Igor is naturally correct.  One additional thing to keep in mind - the commit 
phase of a transaction is where a lot of work gets done (meaning slow disk 
access).  So if you have a lot of INSERTs or DELETEs to do, doing many within a 
transaction will give you better performance.

Doug

-----Original Message-----
From: sqlite-users-boun...@sqlite.org [mailto:sqlite-users-boun...@sqlite.org] 
On Behalf Of Igor Tandetnik
Sent: Wednesday, August 28, 2013 5:44 PM
To: sqlite-users@sqlite.org
Subject: Re: [sqlite] To BEGIN or not to BEGIN. That is the question...

On 8/28/2013 6:28 PM, jose isaias cabrera wrote:
> I know that if I am doing INSERTs and such, I need to,
>
> BEGIN;
>      INSERT...
> END;

No, you don't need to.
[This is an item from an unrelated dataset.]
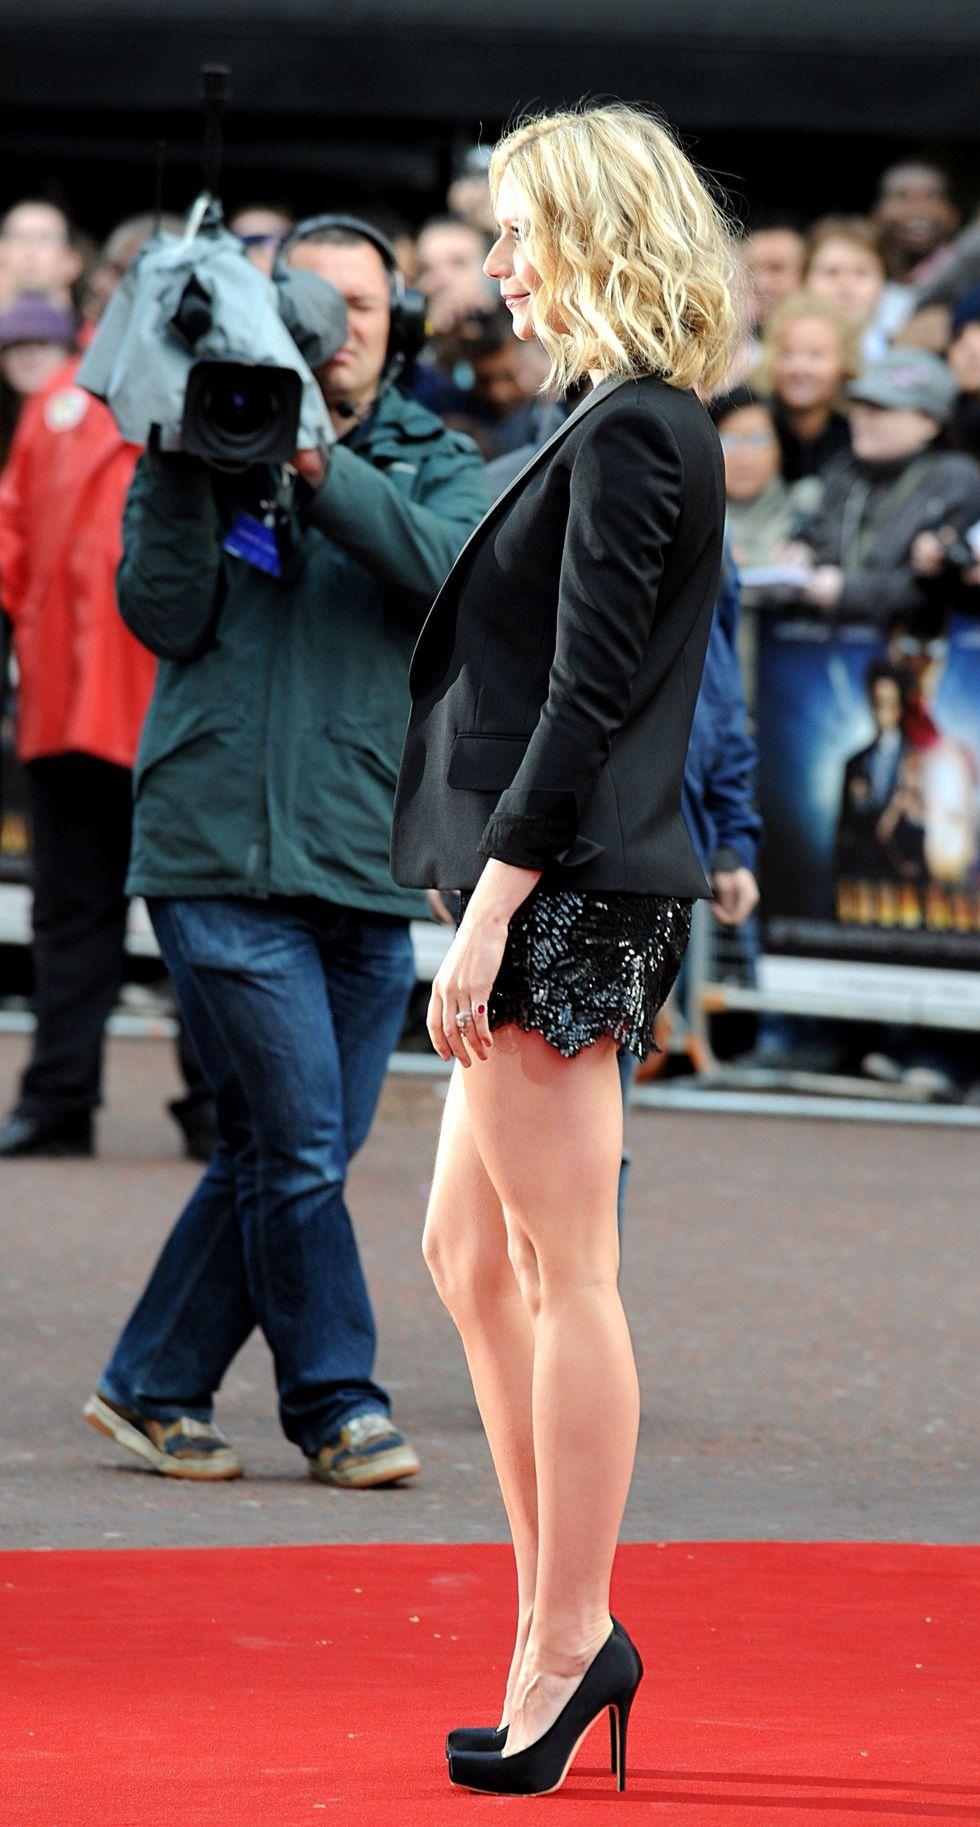 gwyneth-paltrow-iron-man-uk-premiere-in-london-05

You can, if you want to, but there's no reason to have 
to.

> But, do I need to begin if I am going to create a table? ie.
>
> BEGIN;
>      CREATE TABLE tableName
>      (
>          JobID integer primary key, SubProjID integer, ProjID integer
>      );
> END;

Same here.

> Also, what other commands should I wrap with BEGINs and ENDs?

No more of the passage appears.